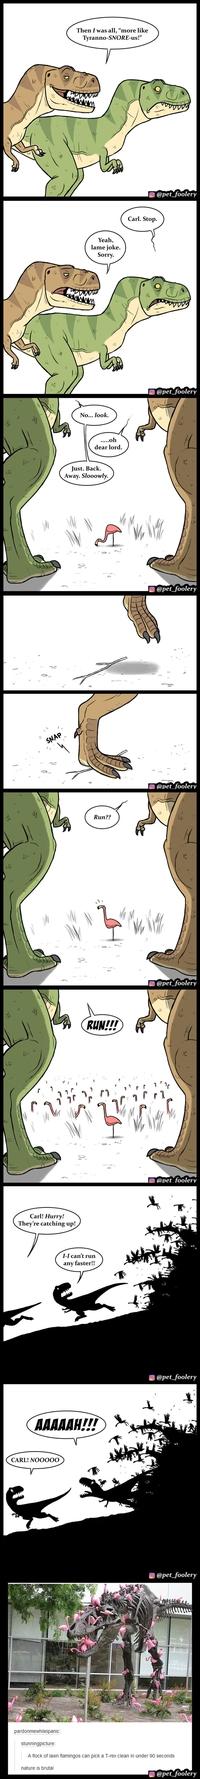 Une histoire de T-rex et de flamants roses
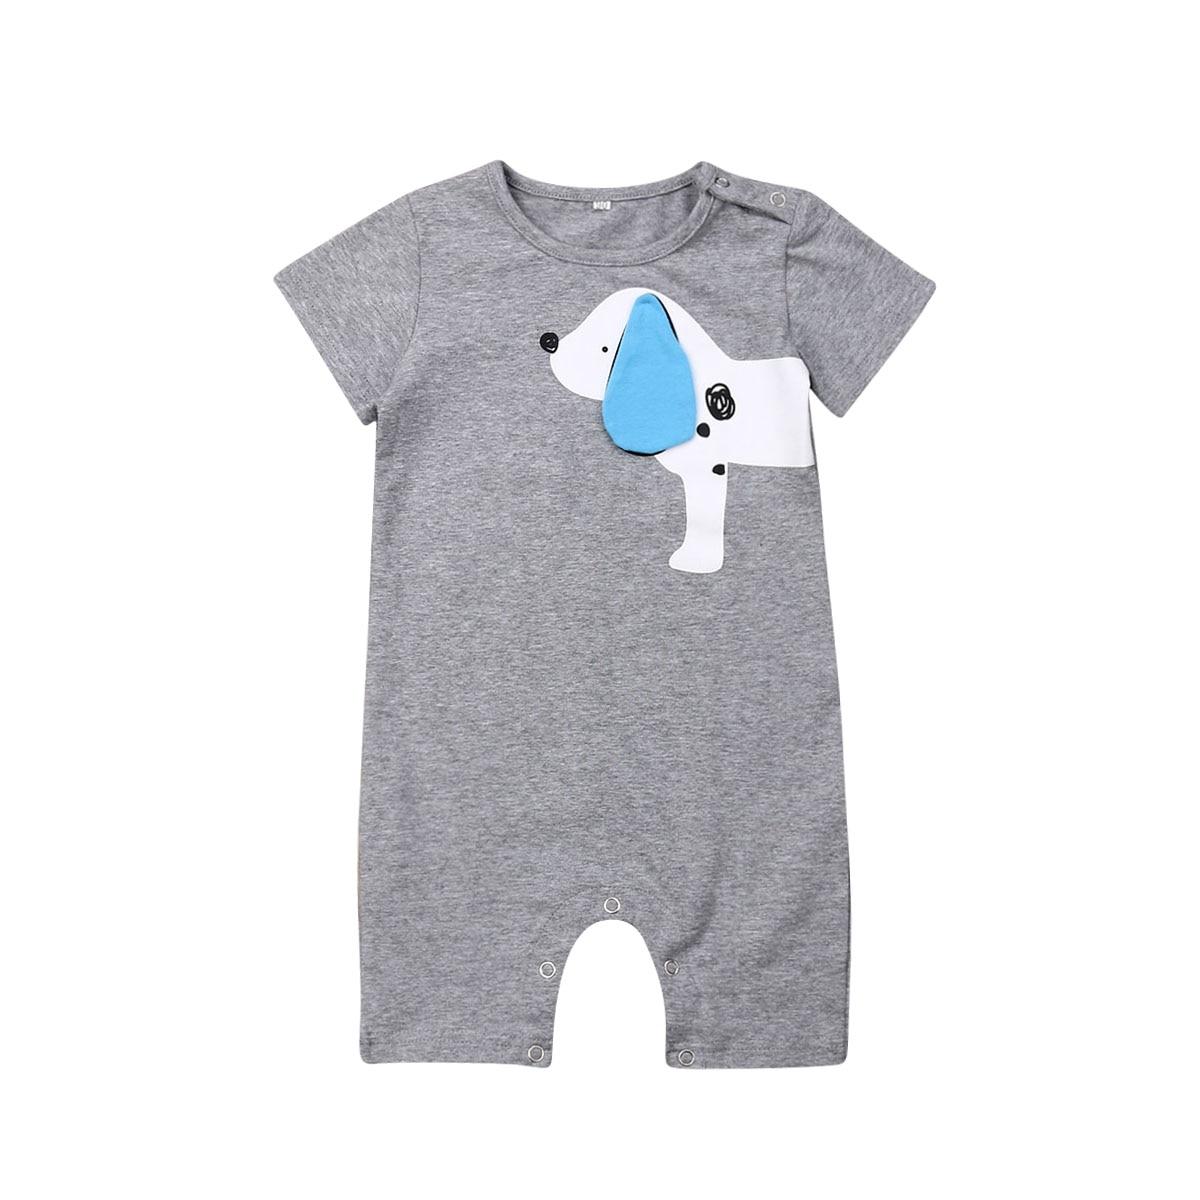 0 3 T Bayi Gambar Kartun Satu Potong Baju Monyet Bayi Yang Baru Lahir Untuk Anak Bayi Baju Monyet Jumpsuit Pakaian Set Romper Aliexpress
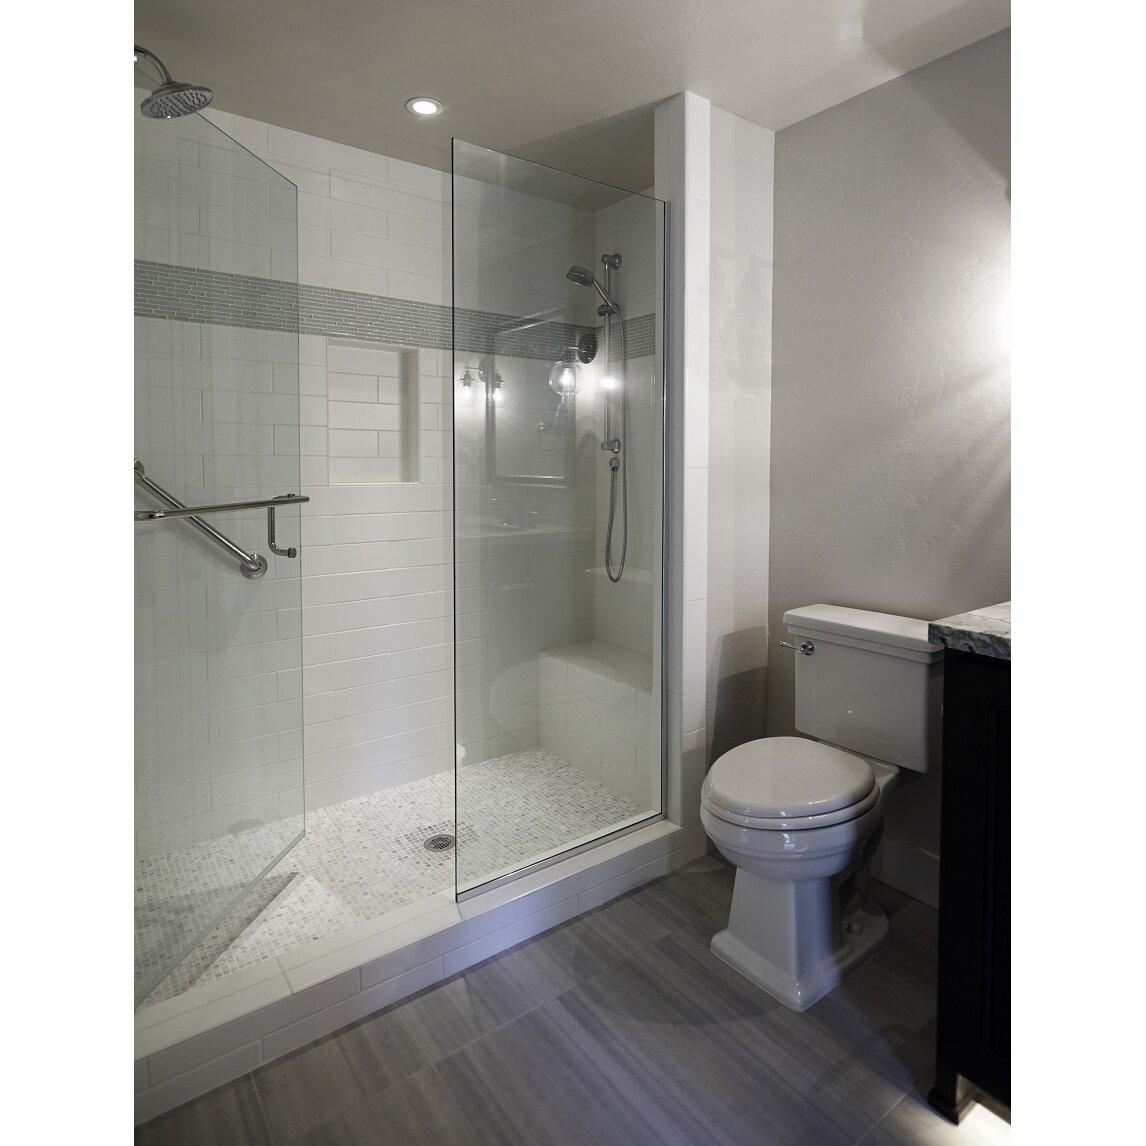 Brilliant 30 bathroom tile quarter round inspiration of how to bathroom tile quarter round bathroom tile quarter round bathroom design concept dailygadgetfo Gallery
────────────────
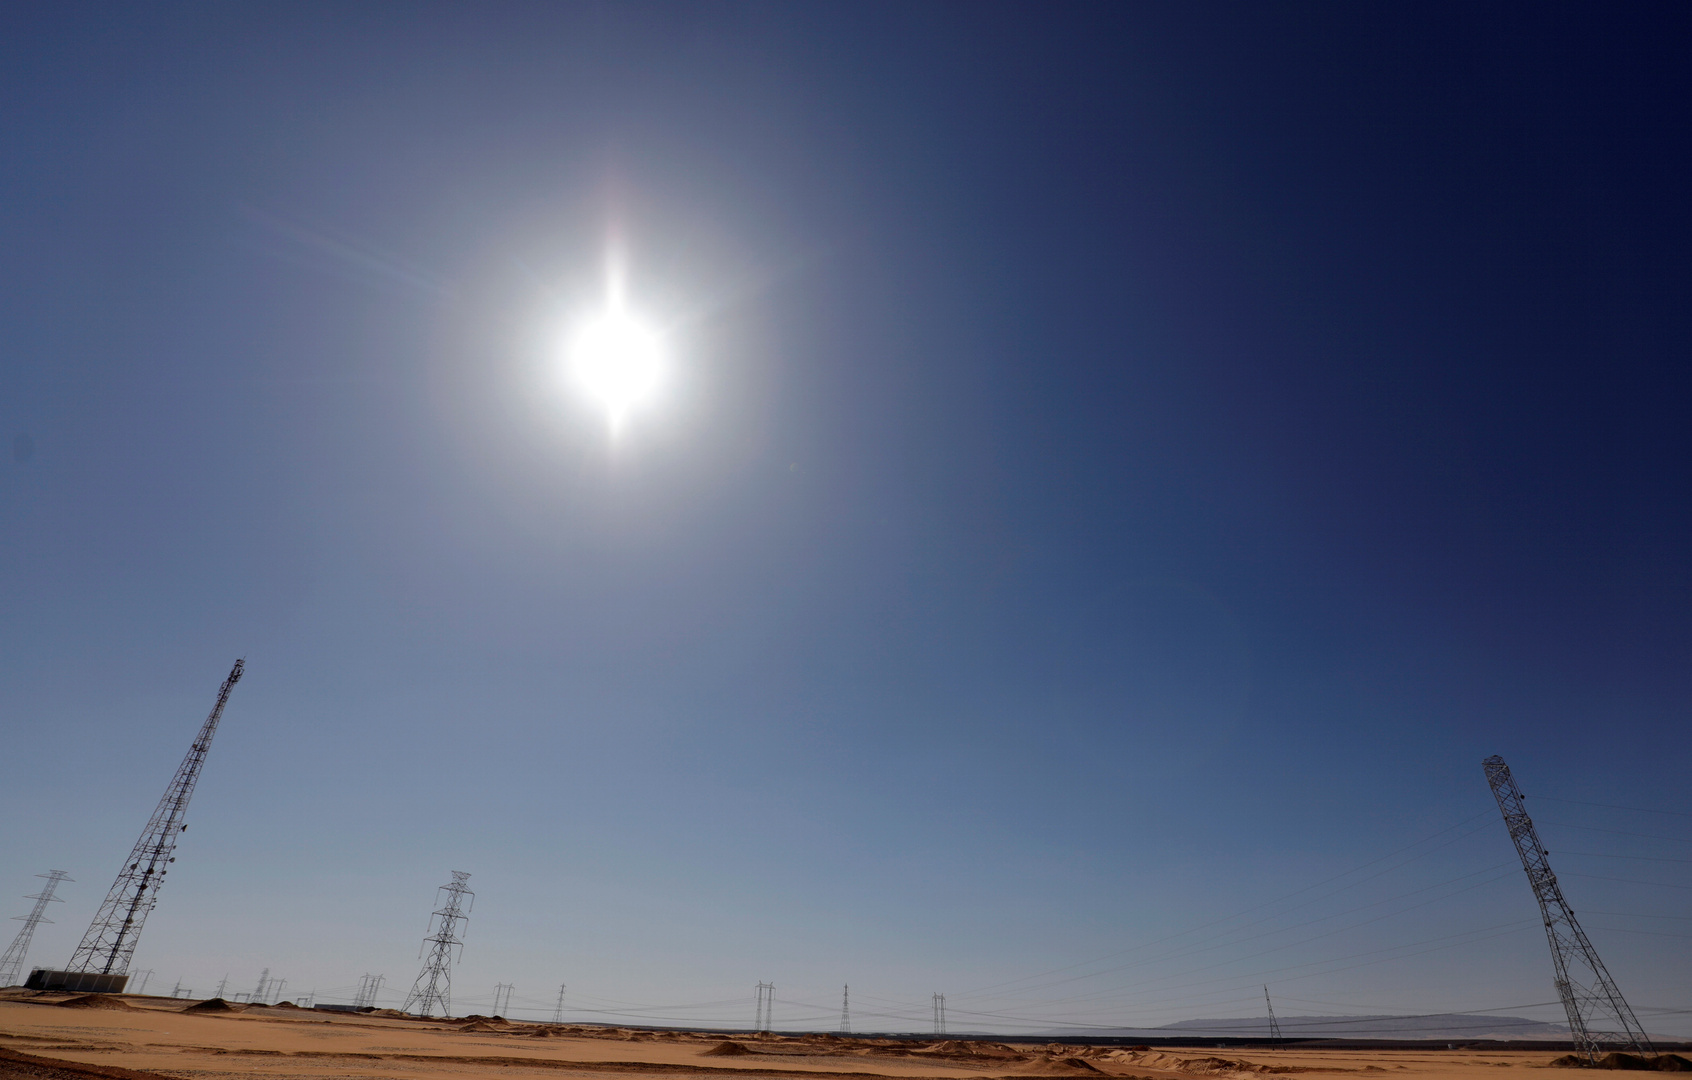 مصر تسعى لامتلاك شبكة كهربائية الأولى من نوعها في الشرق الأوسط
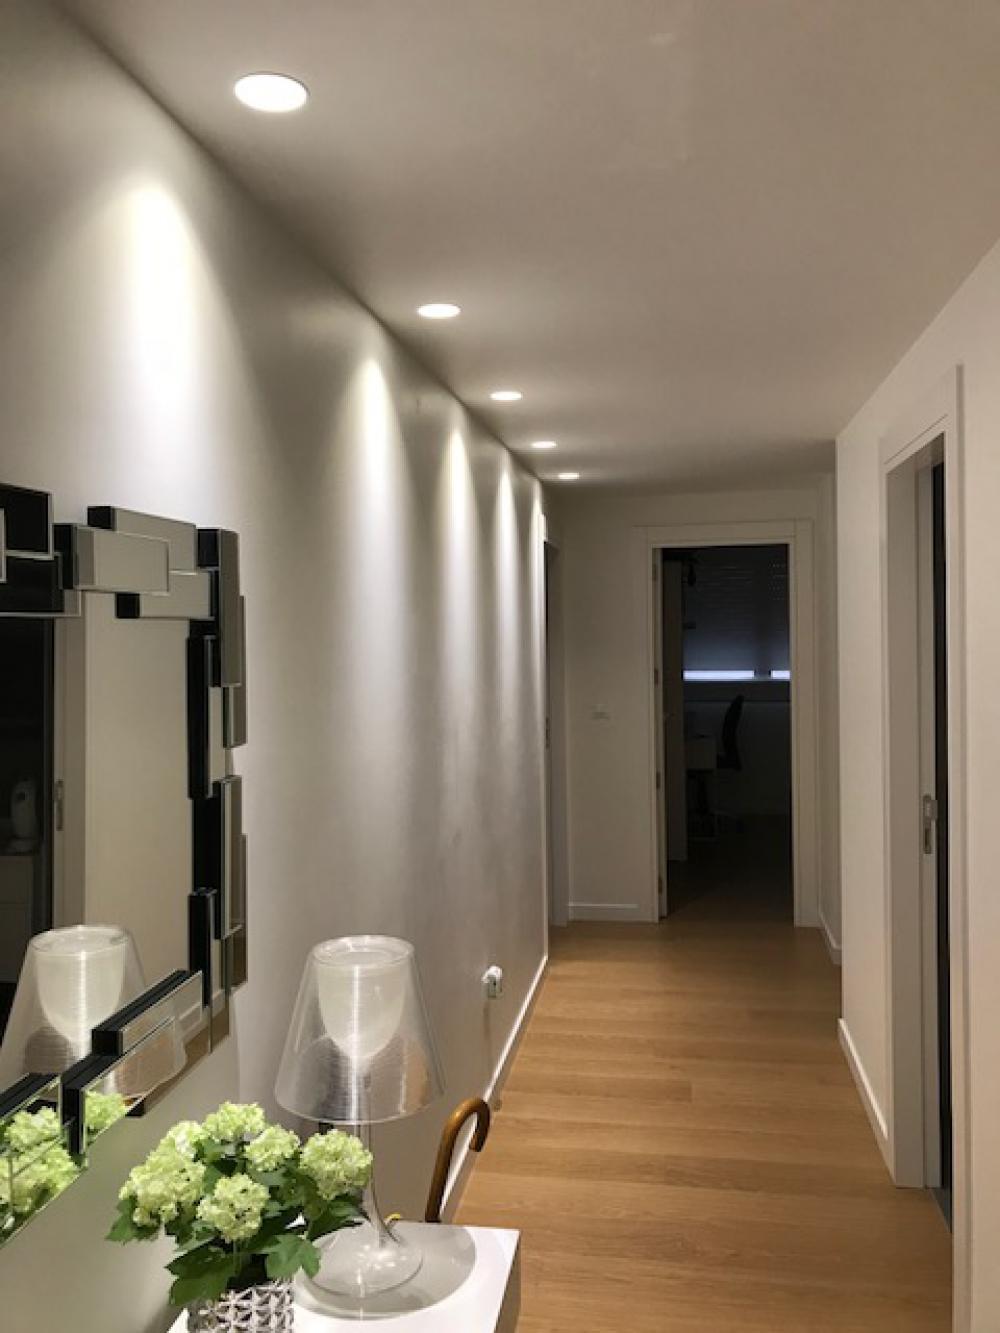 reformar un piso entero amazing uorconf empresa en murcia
────────────────
In the material above, one part opens with the line containing "Une histoire de T-rex et de flamants roses" and closes with the line containing "Brilliant 30 bathroom". Write out that part exactly and skip its pictures.

## Solved problem
 Une histoire de T-rex et de flamants roses
 0 3 T Bayi Gambar Kartun Satu Potong Baju Monyet Bayi Yang Baru Lahir Untuk Anak Bayi Baju Monyet Jumpsuit Pakaian Set Romper Aliexpress
 Brilliant 30 bathroom tile quarter round inspiration of how to bathroom tile quarter round bathroom tile quarter round bathroom design concept dailygadgetfo Gallery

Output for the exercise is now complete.